Tip # 8 for Mr. Obama: Orange is Greener When It’s Organic

by Wendy Gordon

Breakfast, they say, is the most important meal of the day, and if yours is like most families’, it includes a glass of orange juice, a great source of Vitamin C. Few, or so we figured, have ever tipped back their glass of orange deliciousness and wondered about the other C, the element Carbon, and just how much the morning glass-full contributes to the emission of carbon dioxide (CO2) and other global warming gases into the atmosphere. As it turns out, PepsiCo, which owns the Tropicana brand, did and recently hired experts to conduct the life cycle analysis to find out.
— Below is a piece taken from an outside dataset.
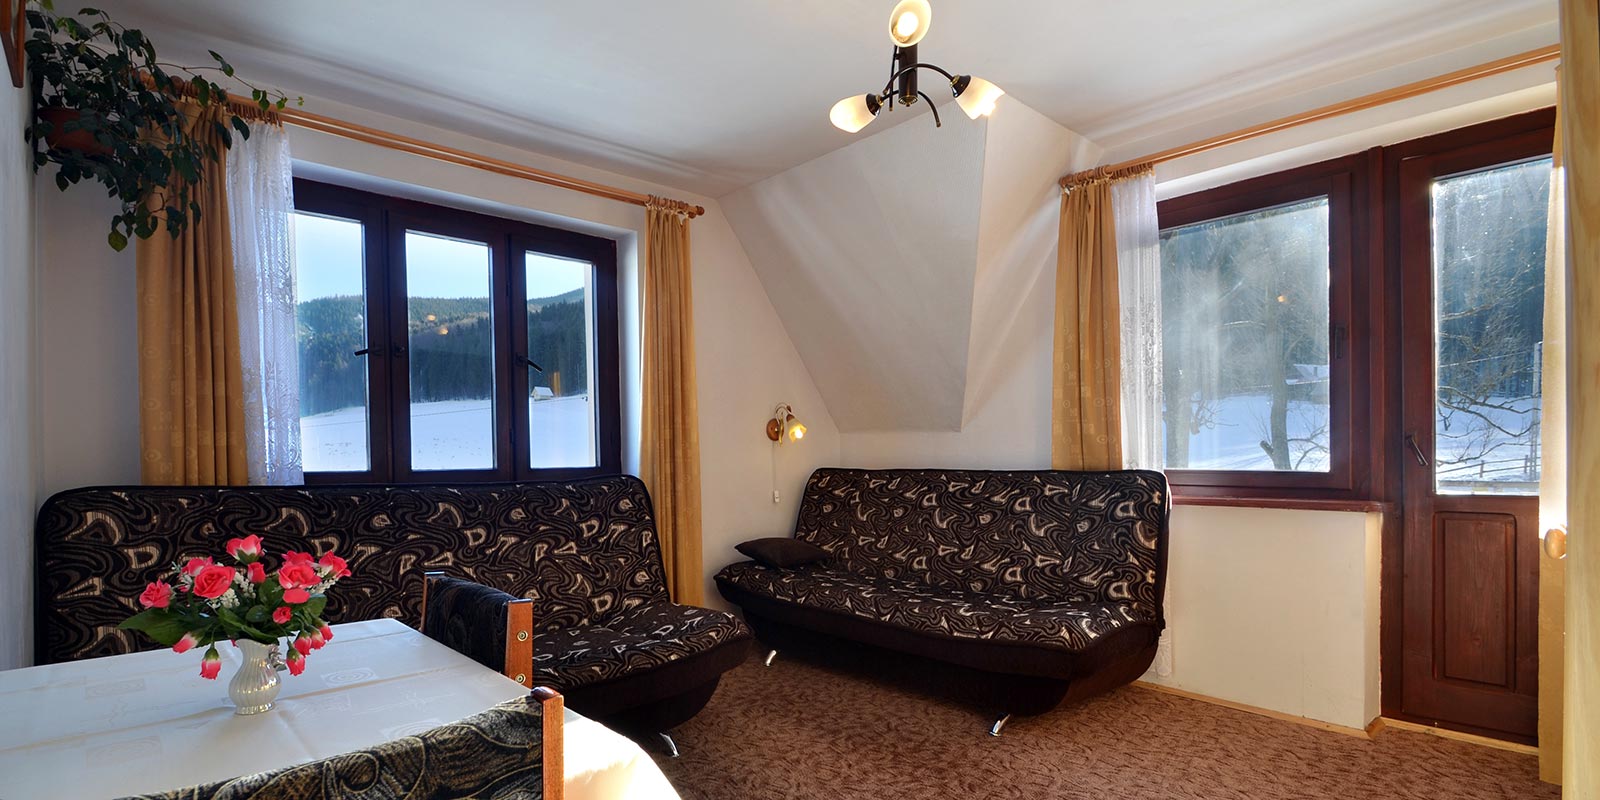 U LISA villa in Zakopane rooms for rent Poland Tatra Mountains 04

What they learned surprised them; it wasn’t running the factory or transporting the heavy juice containers, but the nitrogen fertilizers, which require natural gas to make and can turn into a potent greenhouse gas, that were the primary contributor.

PepsiCo should be commended for taking a look at the CO2 footprint of its products and finding out just where the carbon is in the chain. They’re now in a better position to make decisions that will curb their energy use and combat global warming. And lucky for them, research conducted at the Rodale Institute’s Experimental Farm provides strong evidence that organic farming practices can do just that–combat global warming by capturing atmospheric carbon dioxide and incorporating it into the soil.

The data come from the institute’s Farming Systems Trial launched in 1981, which compared a conventional agriculture system to two types of organic farming systems. Over the course of 23 years, the trial revealed that the two organic systems increased soil carbon by 15 to 28 percent, while the conventional system showed none. For the organic systems that translates into about 3,670 lbs of CO2 per acre-foot per year–and that’s not even counting the reductions in CO2 emissions represented by the fact that organic farming uses just 63 percent of the energy required by conventional farming systems, largely because of the massive amounts of energy required to synthesize nitrogen fertilizer.

The energy needed to transport heavy juice containers should be factored in when considering which juice to buy. Green Guide’s recommendation: Go for the organic brands that are available as a frozen concentrate to start your day off on the right foot, and with the smallest footprint.